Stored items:
◇ ◇ ◇ ◇

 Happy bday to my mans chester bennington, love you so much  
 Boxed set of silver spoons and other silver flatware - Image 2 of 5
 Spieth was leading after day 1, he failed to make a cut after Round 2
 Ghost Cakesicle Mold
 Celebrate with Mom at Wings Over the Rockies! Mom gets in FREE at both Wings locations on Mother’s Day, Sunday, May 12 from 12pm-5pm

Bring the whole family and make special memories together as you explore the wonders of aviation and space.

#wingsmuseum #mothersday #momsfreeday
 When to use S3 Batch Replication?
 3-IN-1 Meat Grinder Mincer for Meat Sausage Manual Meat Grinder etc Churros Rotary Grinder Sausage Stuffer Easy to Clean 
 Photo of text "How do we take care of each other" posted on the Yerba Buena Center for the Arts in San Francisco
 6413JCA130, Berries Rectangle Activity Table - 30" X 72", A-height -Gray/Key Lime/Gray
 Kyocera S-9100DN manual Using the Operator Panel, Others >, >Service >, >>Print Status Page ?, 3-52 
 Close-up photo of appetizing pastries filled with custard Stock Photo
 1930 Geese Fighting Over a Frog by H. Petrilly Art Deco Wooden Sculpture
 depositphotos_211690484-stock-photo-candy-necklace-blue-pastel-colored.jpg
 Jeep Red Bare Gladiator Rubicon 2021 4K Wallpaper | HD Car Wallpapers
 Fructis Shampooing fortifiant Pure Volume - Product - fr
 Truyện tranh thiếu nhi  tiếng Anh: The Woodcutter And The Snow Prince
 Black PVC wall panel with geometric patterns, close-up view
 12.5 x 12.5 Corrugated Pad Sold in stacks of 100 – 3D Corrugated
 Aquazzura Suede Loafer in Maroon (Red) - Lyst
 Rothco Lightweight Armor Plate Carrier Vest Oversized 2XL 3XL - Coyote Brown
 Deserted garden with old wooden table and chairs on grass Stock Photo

◇ ◇ ◇ ◇

Please set down each of the entries above exactly as given.

 Happy bday to my mans chester bennington, love you so much  
 Boxed set of silver spoons and other silver flatware - Image 2 of 5
 Spieth was leading after day 1, he failed to make a cut after Round 2
 Ghost Cakesicle Mold
 Celebrate with Mom at Wings Over the Rockies! Mom gets in FREE at both Wings locations on Mother’s Day, Sunday, May 12 from 12pm-5pm

Bring the whole family and make special memories together as you explore the wonders of aviation and space.

#wingsmuseum #mothersday #momsfreeday
 When to use S3 Batch Replication?
 3-IN-1 Meat Grinder Mincer for Meat Sausage Manual Meat Grinder etc Churros Rotary Grinder Sausage Stuffer Easy to Clean 
 Photo of text "How do we take care of each other" posted on the Yerba Buena Center for the Arts in San Francisco
 6413JCA130, Berries Rectangle Activity Table - 30" X 72", A-height -Gray/Key Lime/Gray
 Kyocera S-9100DN manual Using the Operator Panel, Others >, >Service >, >>Print Status Page ?, 3-52 
 Close-up photo of appetizing pastries filled with custard Stock Photo
 1930 Geese Fighting Over a Frog by H. Petrilly Art Deco Wooden Sculpture
 depositphotos_211690484-stock-photo-candy-necklace-blue-pastel-colored.jpg
 Jeep Red Bare Gladiator Rubicon 2021 4K Wallpaper | HD Car Wallpapers
 Fructis Shampooing fortifiant Pure Volume - Product - fr
 Truyện tranh thiếu nhi  tiếng Anh: The Woodcutter And The Snow Prince
 Black PVC wall panel with geometric patterns, close-up view
 12.5 x 12.5 Corrugated Pad Sold in stacks of 100 – 3D Corrugated
 Aquazzura Suede Loafer in Maroon (Red) - Lyst
 Rothco Lightweight Armor Plate Carrier Vest Oversized 2XL 3XL - Coyote Brown
 Deserted garden with old wooden table and chairs on grass Stock Photo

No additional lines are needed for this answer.